Clay is grandfathering existing plans. you don't have to switch. but you have until April 10, 2026 to do a one-time switch between legacy plans if a different legacy tier makes more sense for you.

pull your last 3 months of credit usage. look at what you actually consume vs. what you pay for. then model it against the new tiers. the math is different for every team.

if HTTP API is your lifeline: run the numbers carefully

map how many HTTP API calls you make per month. under the new model, each call is an Action.

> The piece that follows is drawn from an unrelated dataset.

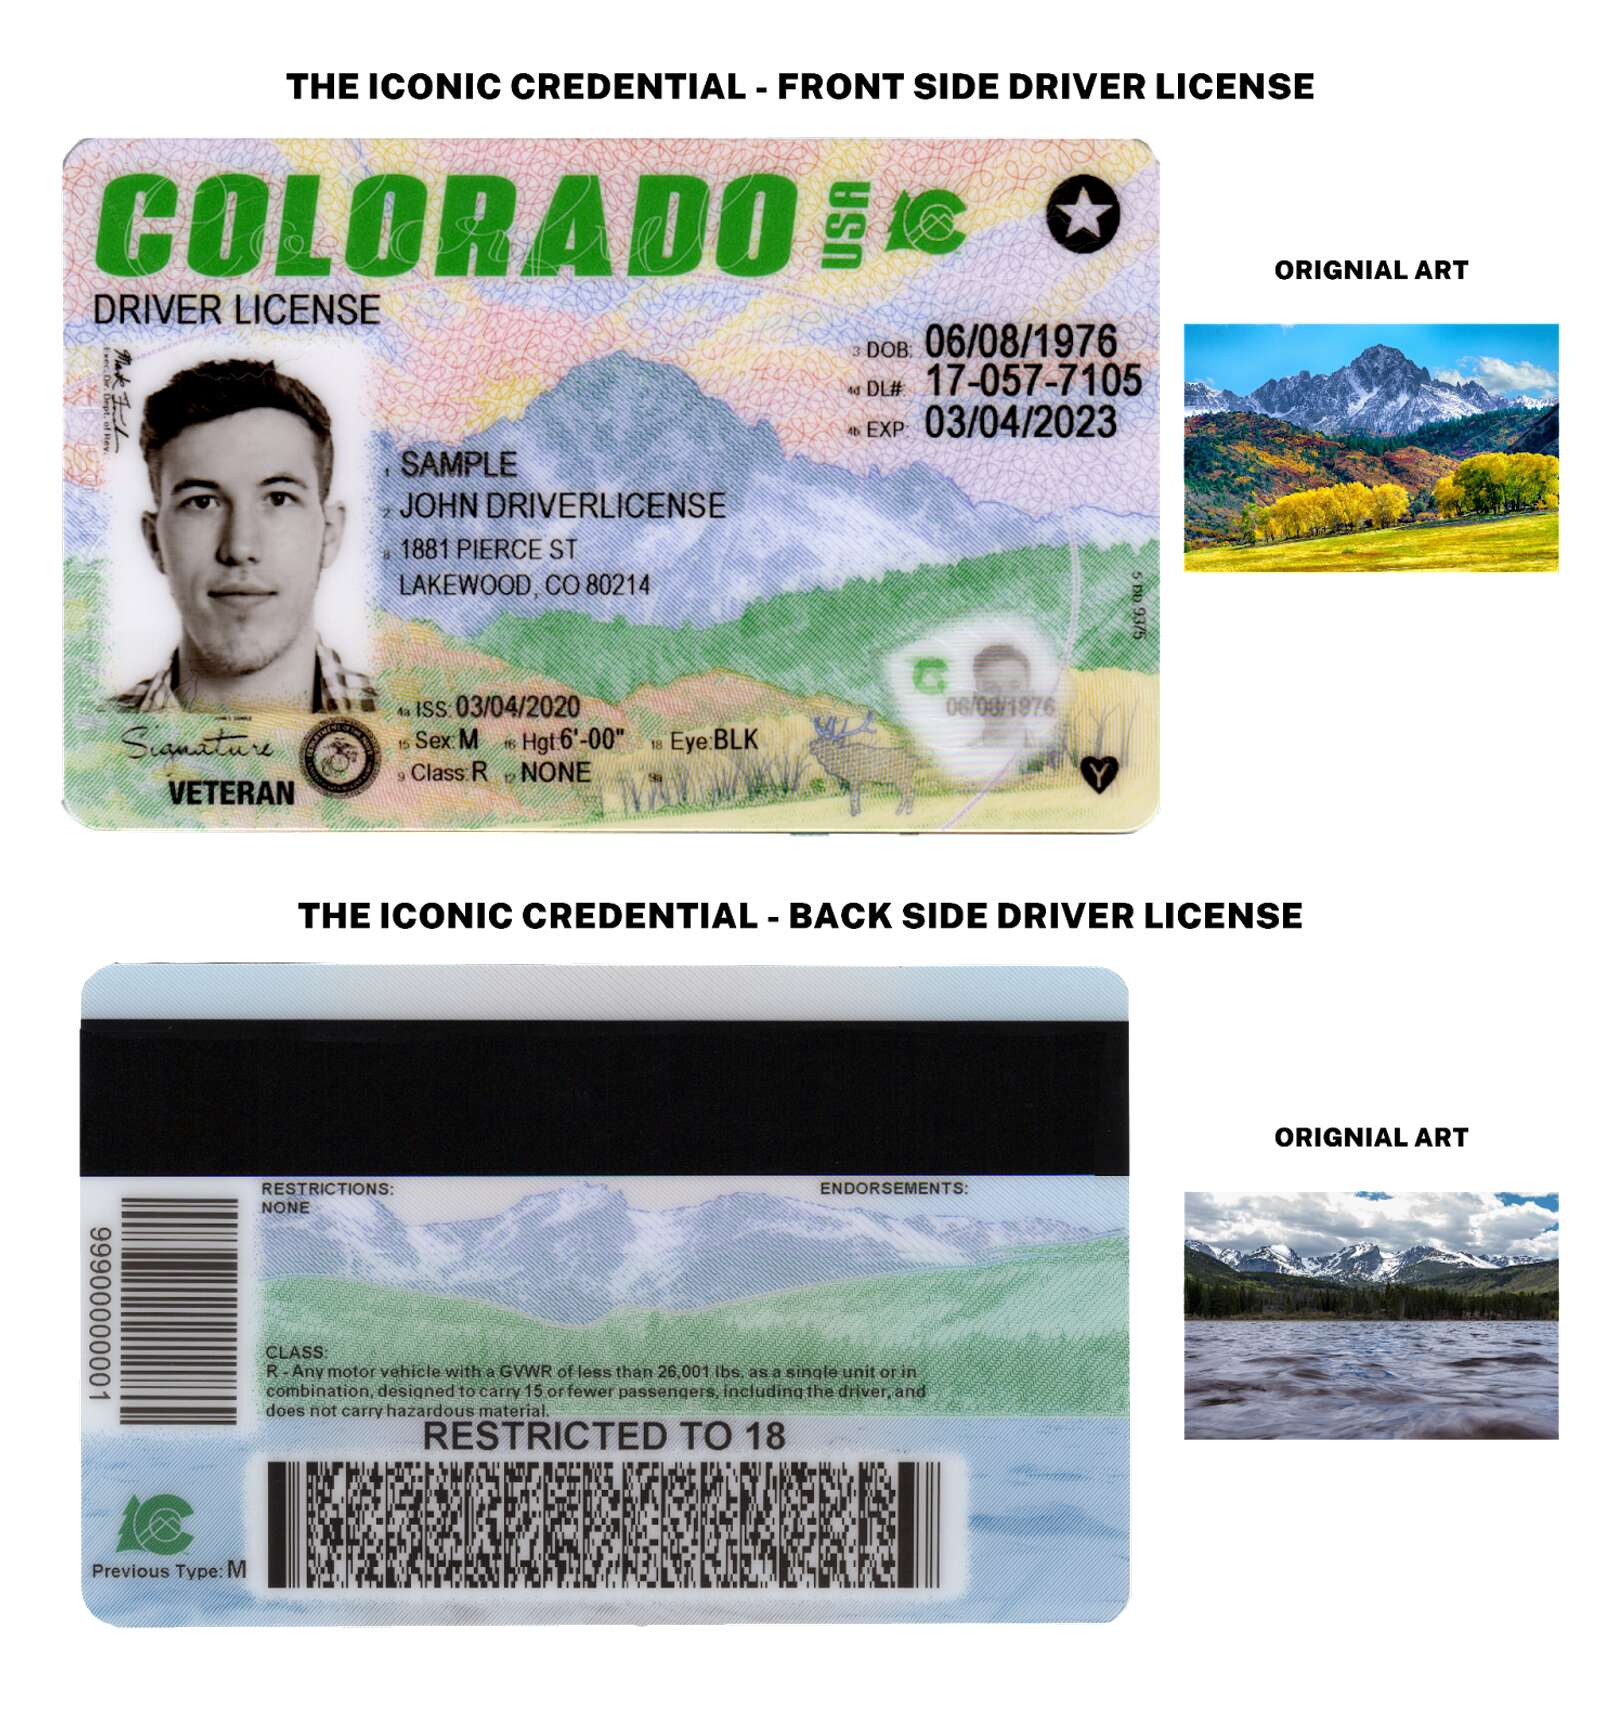 new driver's license colorado

Growth gives you 40,000 Actions. if you're running 5,000 HTTP calls plus 10,000 enrichment runs plus Claygent calls, add up whether 40,000 Actions covers it. the Actions meter includes everything, not just HTTP.

if you're new to Clay: start on Growth

the Growth plan at $495/mo is the new sweet spot for serious builders. CRM sync, HTTP API, webhooks, Web Intent, 40,000 Actions, up to 100,000 Data Credits. that used to require the $800 Pro plan for just the CRM piece.

if you're building production GTM workflows, Growth is where the tooling lives.

if you barely use Clay: consider whether you need it

I say this as someone who uses Clay daily. if you're running 1,000-2,000 enrichments a month with no API integrations and no CRM sync, you're now paying $185/mo for what amounts to a fancy spreadsheet with enrichment columns. that might still be worth it. but it also might be worth running those enrichments directly through Apollo or Prospeo's API and saving the platform cost entirely.

Clay's value is in orchestration, not individual enrichments. if you're not using the orchestration, you're paying for the platform without using the platform.

the bigger picture

Clay published their internal pricing memo. they explicitly said they expect a ~10% short-term revenue decline. that's a real bet. they're saying: we'll make less money now because we believe cheaper data plus accessible features will make people build more complex workflows, which will drive Actions consumption.

it's a platform play. they want you to go deep into Clay. more Claygents, more HTTP columns, more CRM syncs, more automations. every one of those burns Actions. the data is cheaper but the orchestration is now metered.

this isn't good or bad. it's a business model shift from "pay for data" to "pay for what the platform does for you." understanding that shift is the difference between the pricing working for you or working against you.

what I'm updating in the Clay Wiki

I'm adding a full pricing model entry to the Clay Wiki covering the new dual-currency system, tier comparison, and migration decision framework. the existing credit system guide still applies for understanding how individual enrichments cost credits. the new entry covers the structural change on top of that.

this is also why the free audit matters more now than last week. if you're evaluating whether to switch plans, stay on legacy, or restructure your Clay architecture to optimize for the new model, that 30-minute conversation could save you thousands in misallocated spend.

my take

Clay is becoming more of a platform and less of a data tool. the pricing reflects that. if you're a builder who uses Clay as orchestration infrastructure (CRM sync, HTTP API, Claygent workflows, multi-step enrichment), the new pricing probably works in your favor. cheaper data, more features at lower tiers.

if you're a lightweight user who just wants enrichment without the platform, the floor just got higher and the complexity just increased.

and if you're on Explorer at $349 using HTTP API heavily, run your numbers before switching. your legacy plan might be the better deal.

no vendor is going to tell you that last part. that's why I'm telling you.